Because large enterprises keep some data in tightly controlled environments, many ML tools must be deployed in any environment. Ultimately, startups need to meet the customer where they are – if you’re designing cloud first and dealing with customers with sensitive data, you should consider what an “any environment” deployment strategy might be, use a redundant, build. Choosing not to work on your own or with clients.
Have cloud costs leveled off relative to lower computing or storage costs?
I think that’s a tough prediction for anyone to make. People say that Moore’s Law is approaching, but another law is emerging. I don’t think human ingenuity is high enough, and companies continue to cut costs on the platform by using ASICs. [application-specific integrated circuits] or ML to optimize workloads. For example, Snowflake inflation continues to decline. So it’s hard to say that cloud costs have plateaued.
What do you think of cloud marketplaces as a distribution channel?
They are great! The most obvious benefit is being tied to a customer’s overall billing commitment to that cloud provider. It speeds up the procurement cycle, allows the customer to consolidate billing and take better advantage of the massive forward contracts promised to the cloud provider over many years.
If this Agreement is not used in full by the end of the term, the Customer shall be charged for services not provided.

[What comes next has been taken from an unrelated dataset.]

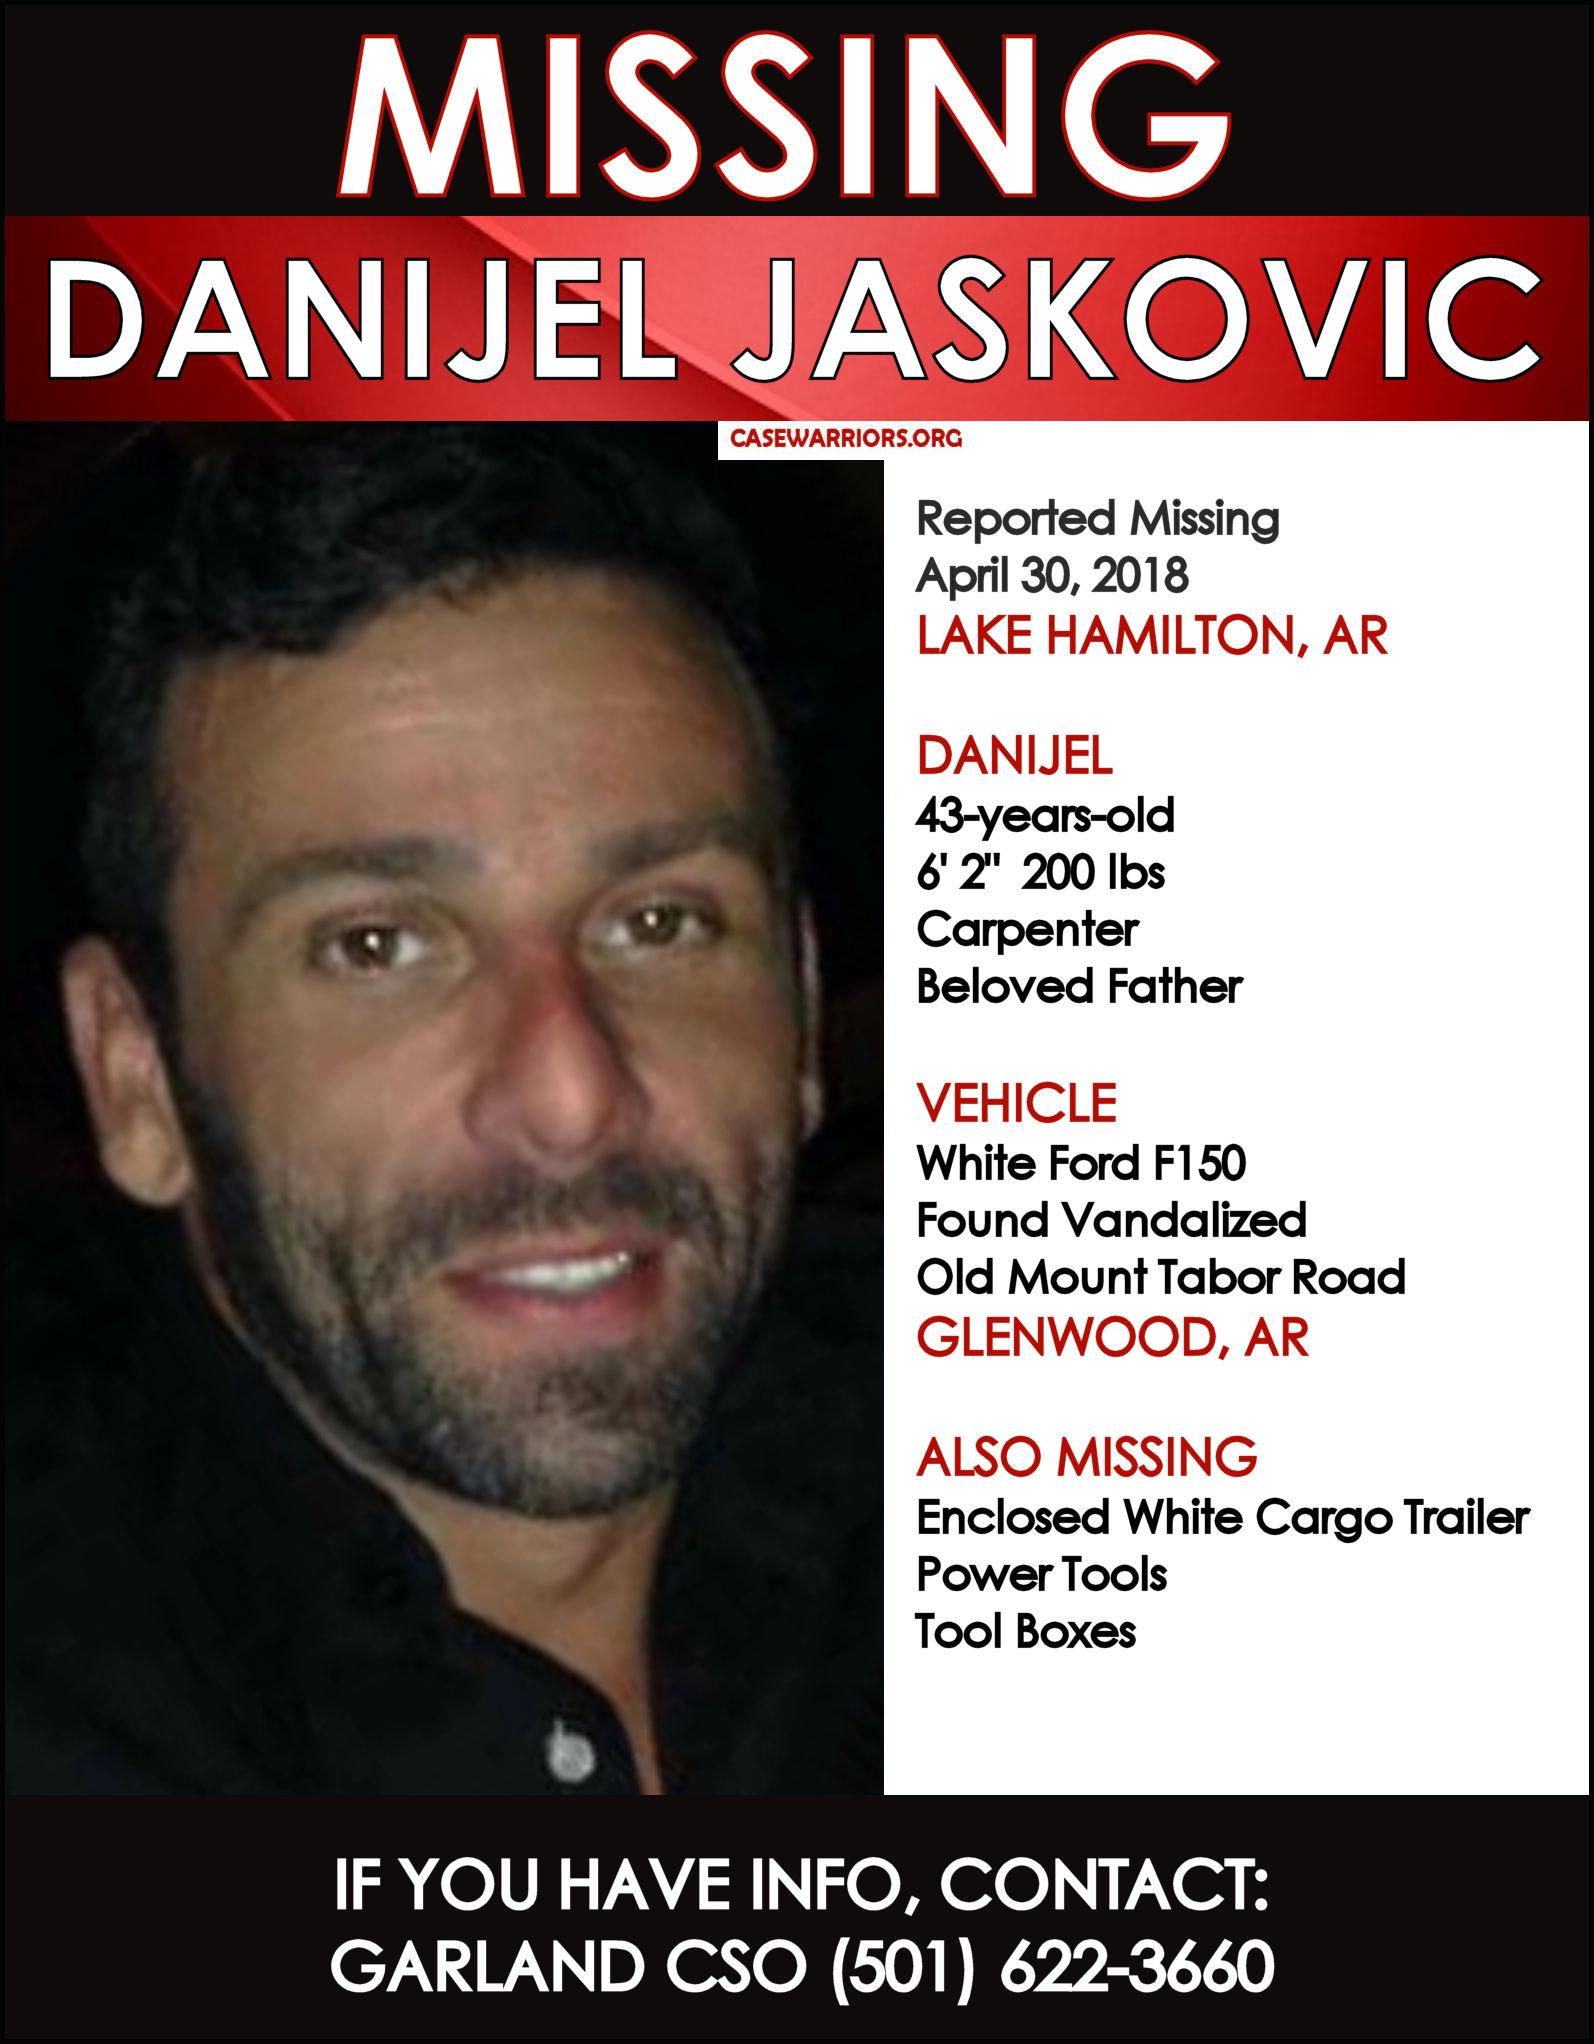 DANIJEL JASKOVIC
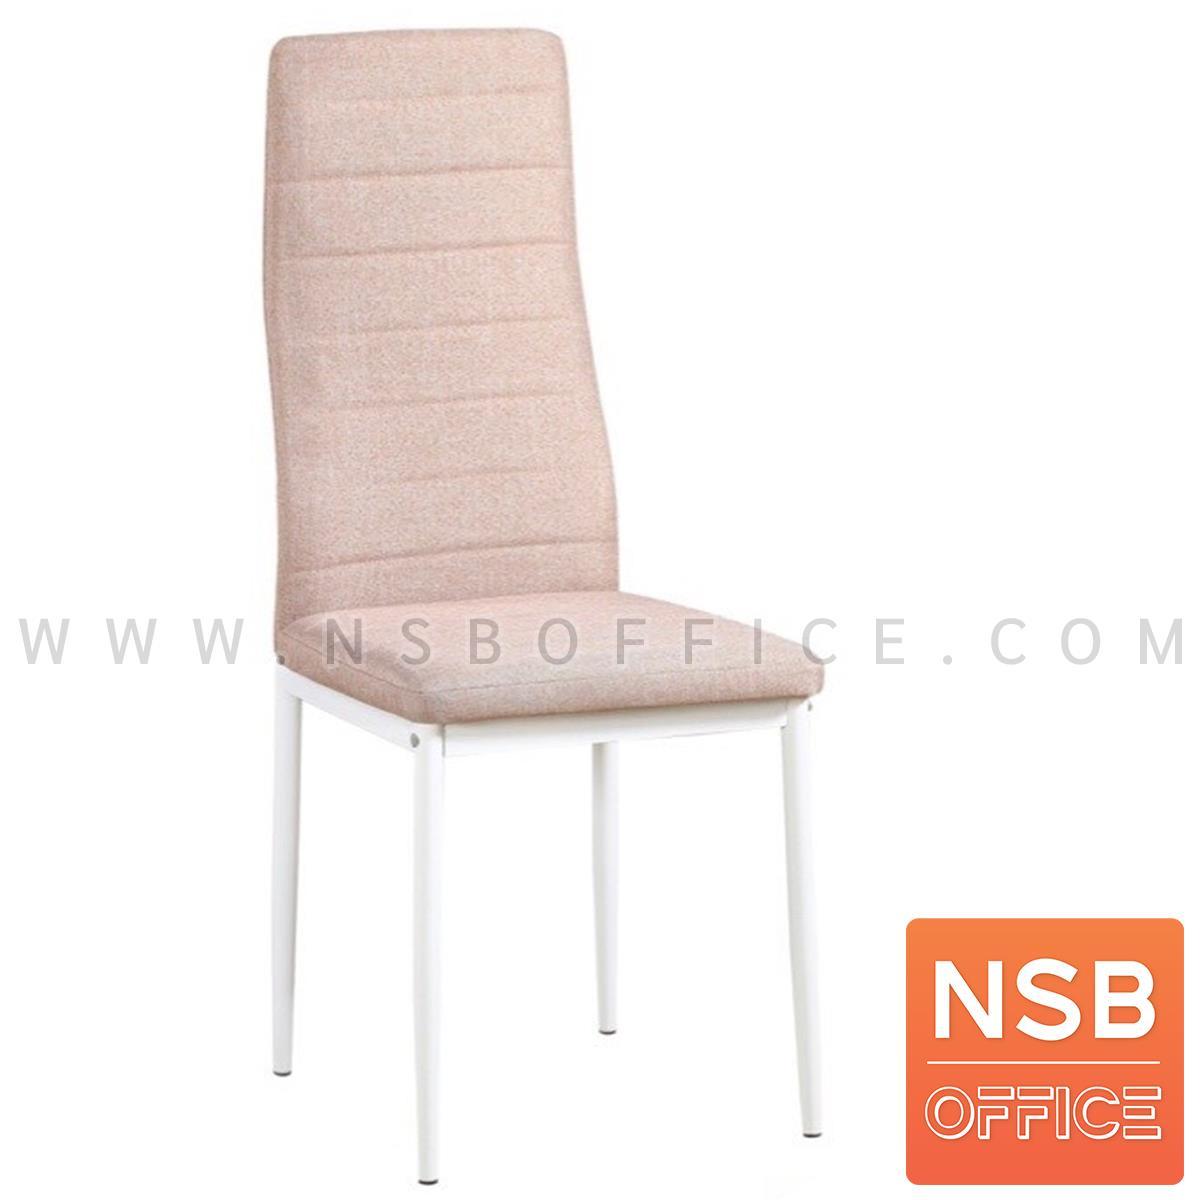 B22A200:เก้าอี้รับประทานอาหาร รุ่น Raindeer (เรนเดียร์)  หุ้มผ้า ขาเหล็ก

How big is the market for cloud providers to offer additional services beyond their core offerings?
When I say infinite, I am not being facetious. For confirmation, just go to AWS and check the product catalog for the various services listed. It will take years to fully understand all that it has to offer.
And if we expand the terminology of “cloud providers” beyond computing and storage, pretty much every public and private company has multiple product offerings that offer cloud services.